I hope all steps are covered.
This is the current state:
# Technical system description edge proxy and WireGuard on Debian 12 with ISPConfig
## 1. System overview
This setup describes a Debian 12 installation with ISPConfig that acts as a combined reverse proxy (TLS passthrough) and WireGuard server for IPv4 egress.
"Edge proxy" = public dual-stack server, "Client 1" = internal IPv6-only system with IPv4 tunnel.
## 2. Package installation
```bash
apt update
apt install nginx-full libnginx-mod-stream wireguard iptables
```
If Apache is active via ISPConfig, ensure that it does not listen on ports 80/443 to avoid port conflicts.
## 3. Network concept
The edge proxy is dual-stack capable with public IPv4 and IPv6 addresses.
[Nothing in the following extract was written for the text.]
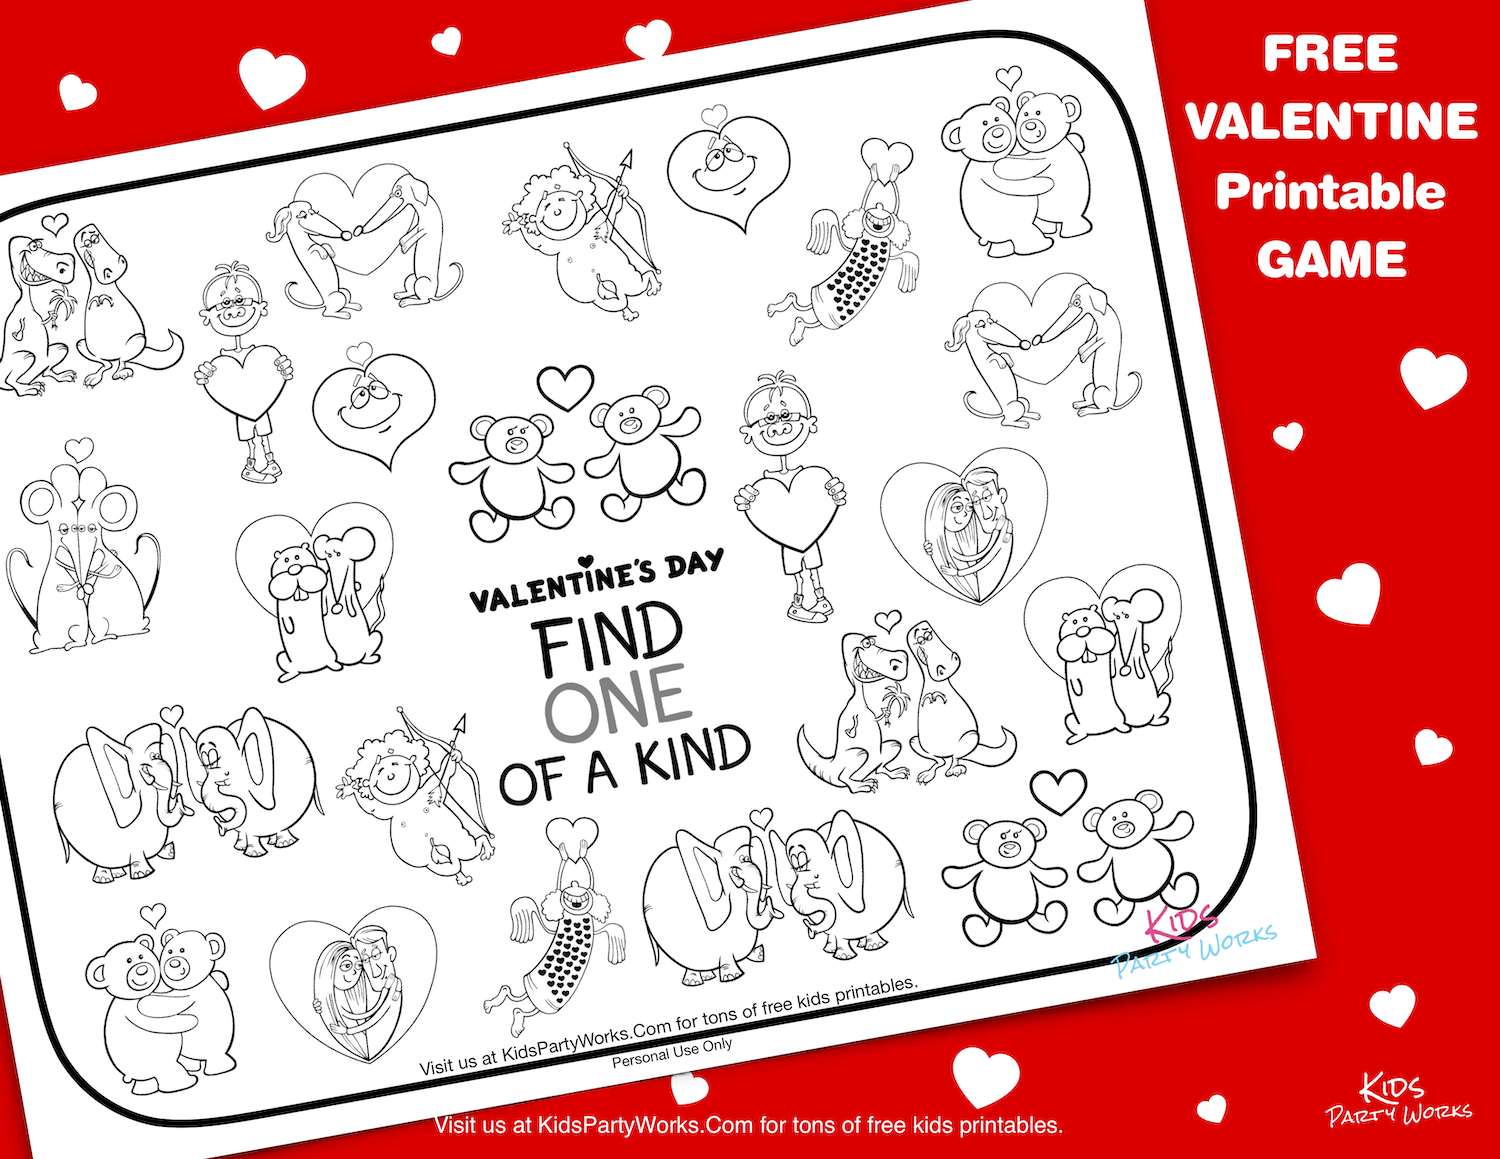 Free Valentine Printable Game. KidsPartyWorks.Com
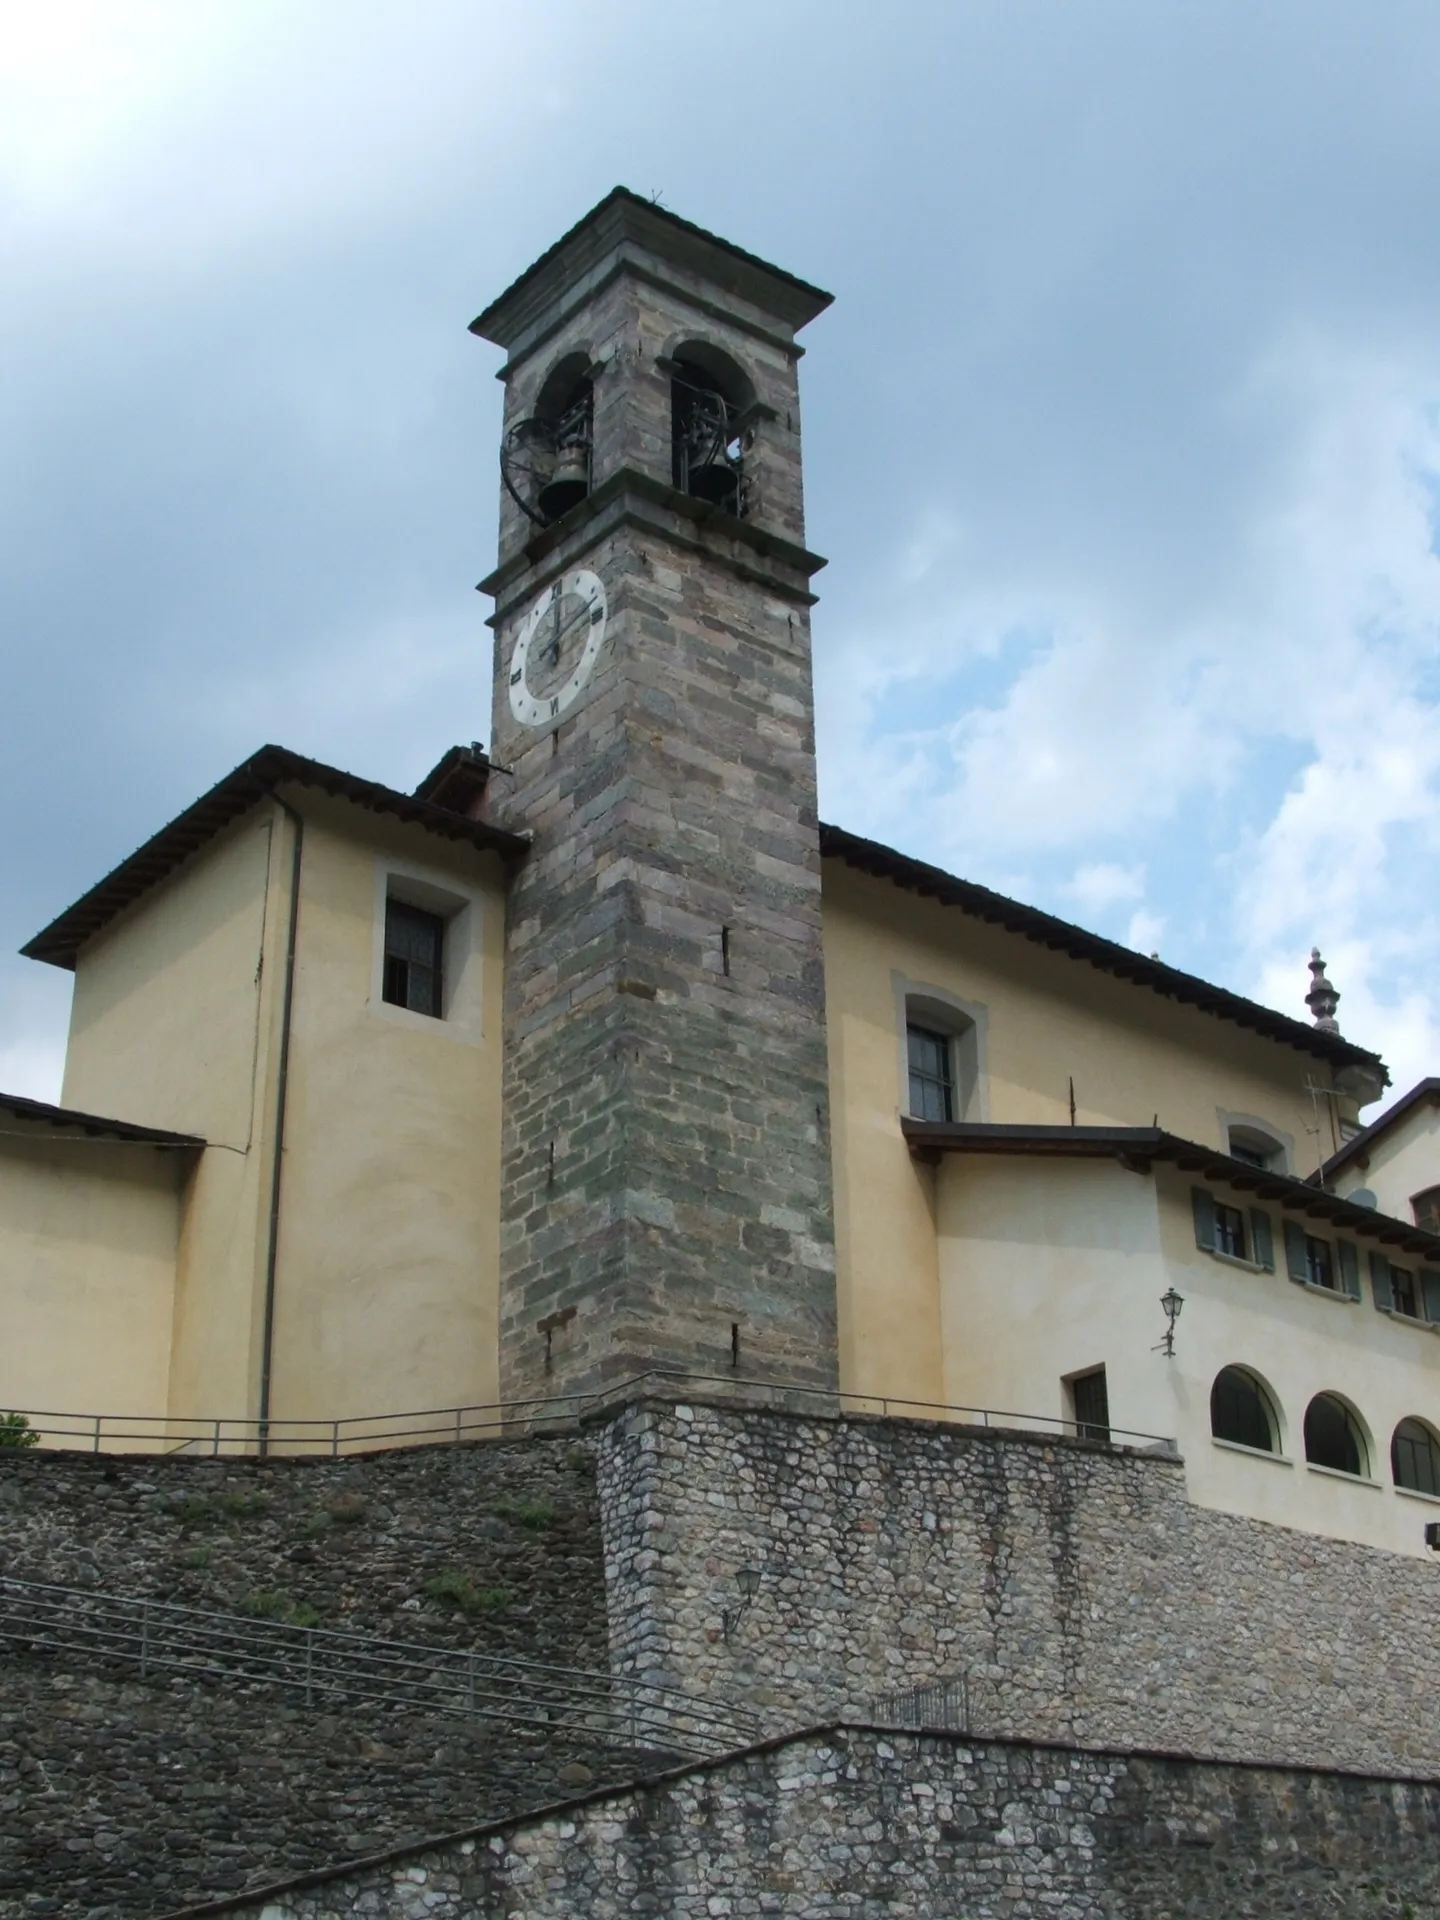 Photo showing: Branzi (BG), Lombardy, Italy - Church tower

Backends (including Client 1) use native IPv6; IPv4 traffic is tunneled via WireGuard. DNS A/AAAA records point to the edge proxy; SSH is performed directly over IPv6.
## 4. Nginx reverse proxy configuration
### 4.1 Host mapping
File: `/etc/nginx/maps/host_upstreams.inc` (website mapping)
```text
site1.example.net [IPv6-Backend1];
site2.example.net [IPv6-Backend2];
default [IPv6-Default]:443;
```
### 4.2 TLS SNI mapping and TLS passthrough
File: `/etc/nginx/stream-enabled/443-sni-map.conf`
```nginx
# TLS SNI → target backend:443, based on /etc/nginx/maps/host_upstreams.inc (without port)
# 1) Load SNI → IP (without port)
map $ssl_preread_server_name $upstream_ip_v6 {
hostnames;
# Map URL to server IP for 443 and 80
include /etc/nginx/maps/host_upstreams.inc;
}
# 2) Build IP → IP:443
map $upstream_ip_v6 $sni_upstream {
"~^(.*)$" $1:443;
}
server {
listen 0.0.0.0:443;
listen [::]:443;
ssl_preread on;
proxy_protocol on;
proxy_pass $sni_upstream;
proxy_connect_timeout 10s;
proxy_timeout 180s;
access_log /var/log/nginx/stream_access.log stream_fmt;
error_log /var/log/nginx/stream_error.log warn;
}
```
### 4.3 HTTP ACME proxy and redirect
File: `/etc/nginx/conf.d/80-acme-proxy.conf`
```nginx
# 1) Host → IP (without port) from common include file
map $host $upstream_ip_v6 {
hostnames;
# Mapping for ports 80 and 443
include /etc/nginx/maps/host_upstreams.inc;
}
server {
listen 0.0.0.0:80 default_server;
listen [::]:80 default_server;
server_name _;
# 2) Forward ACME challenges to target server on port 80
location ^~ /.well-known/acme-challenge/ {
proxy_pass http://$upstream_ip_v6:80;
proxy_set_header Host $host;
proxy_set_header X-Real-IP $remote_addr;
proxy_set_header X-Forwarded-For $proxy_add_x_forwarded_for;
proxy_set_header X-Forwarded-Proto http;
proxy_redirect off;
proxy_connect_timeout 5s;
proxy_send_timeout 10s;
proxy_read_timeout 10s;
}
# 3) Redirect everything else to HTTPS
location / {
return 301 https://$host$request_uri;
}
}
```
### 4.4 Apache configuration (backend server)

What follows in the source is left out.